Он торопился, сбивался, не понимая, почему слова его не вызывают в ней мгновенную вспышку счастья. Почему нет столь любимого, наивного обожания на ее чудесном лице, и оно не приближается, а, отраженное во многих зеркалах, ускользает. Переливается из стекла в стекло, и он не в силах понять, где оно подлинное. Он нырял за ней из зеркала в зеркало, из омута в омут, силясь поймать, но она, все в летучем серебре и брызгах холодного света, ускользает.
— Я не могу сейчас ехать. У меня задание. Дел непочатый край, — тихо и отчужденно сказала она.
— Какое задание? Какие дела? Под угрозой твоя жизнь, жизнь царевича, жизнь русской династии. Они беспощадны — все, и большевики, и Романовы. Они начали свое царствование, убив несовершеннолетнего отрока. Отсюда родовое проклятие. Они убивали жена — мужа, сын — отца. Все мраморные полы во дворцах, все тропинки в дворцовых парках политы кровью. И эти, нынешние, не остановятся ни перед чем. Убьют тебя вместе с нерожденным ребенком. Я просчитался. Моих сил не хватило. Хотел остановить пули, вылетевшие из револьверов в подвале расстрельного дома.

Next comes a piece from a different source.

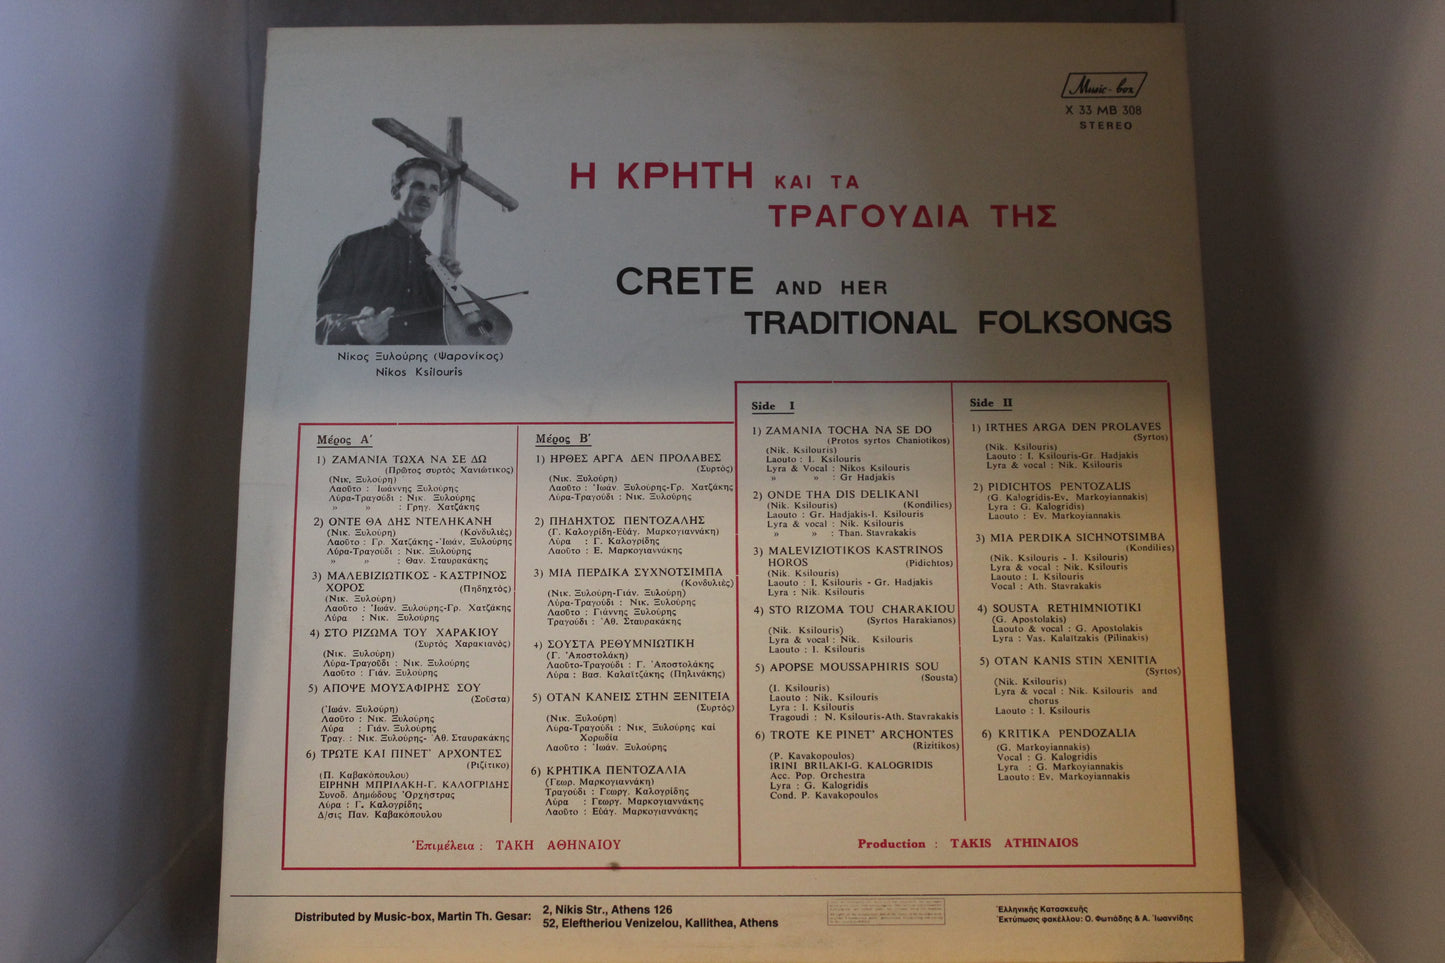 Grete and her traditional Folk songs lp-levy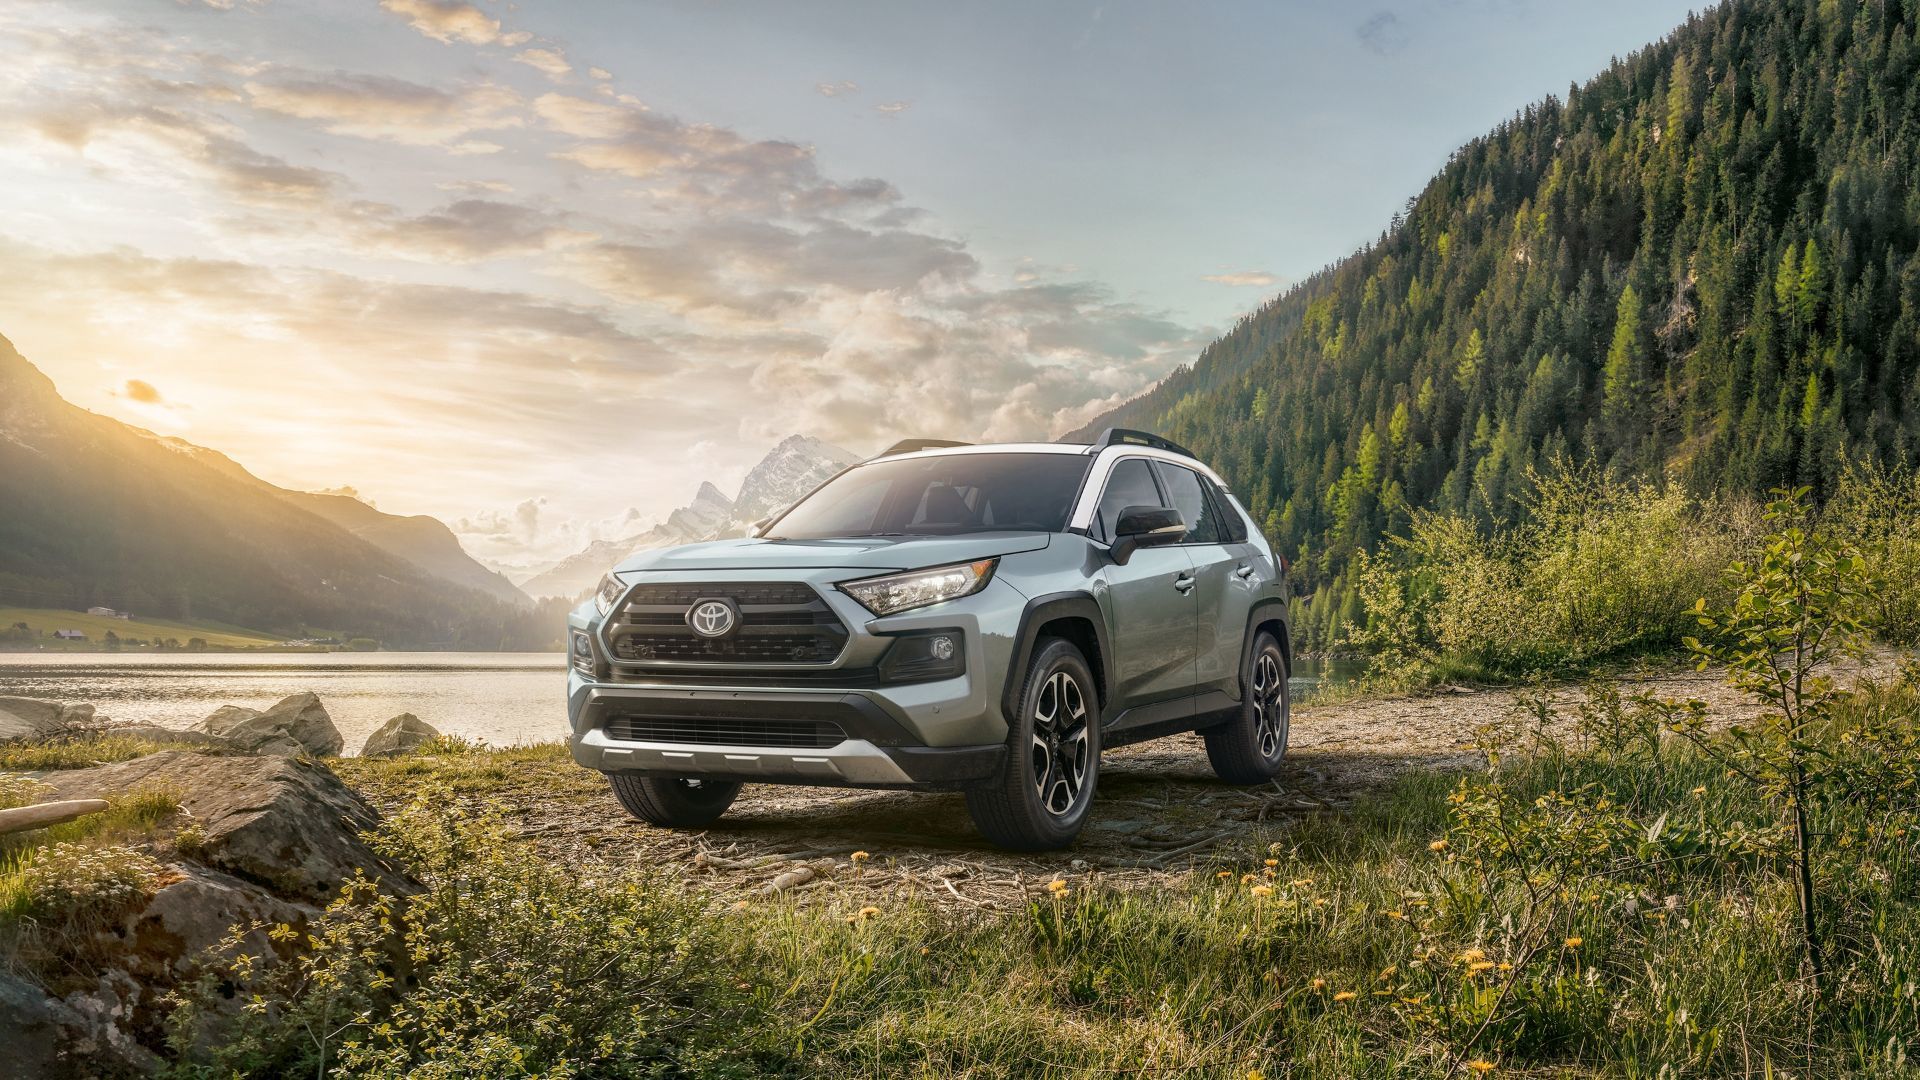 All-New 2019 Toyota RAV4 Unveiled at the New York International Auto Show

Но он полетели дальше. Летят. Ты слышишь их свист? Летят к нам, сюда!
— Боже мой, ты ничего не понял? За все это время ничего, ничего не понял? — она смотрела на него с сожалением. А ему хотелось целовать ее любимые зеленые глаза, ее чудесный розовый рот, длинную шею, на которой трепещет знакомая нежная жилка, милую лунку у ключицы, там, где приспустилось трико.
— Едем, прямо сейчас, в Верхотурье, уральская святыня, обитель Верхотурских старцев.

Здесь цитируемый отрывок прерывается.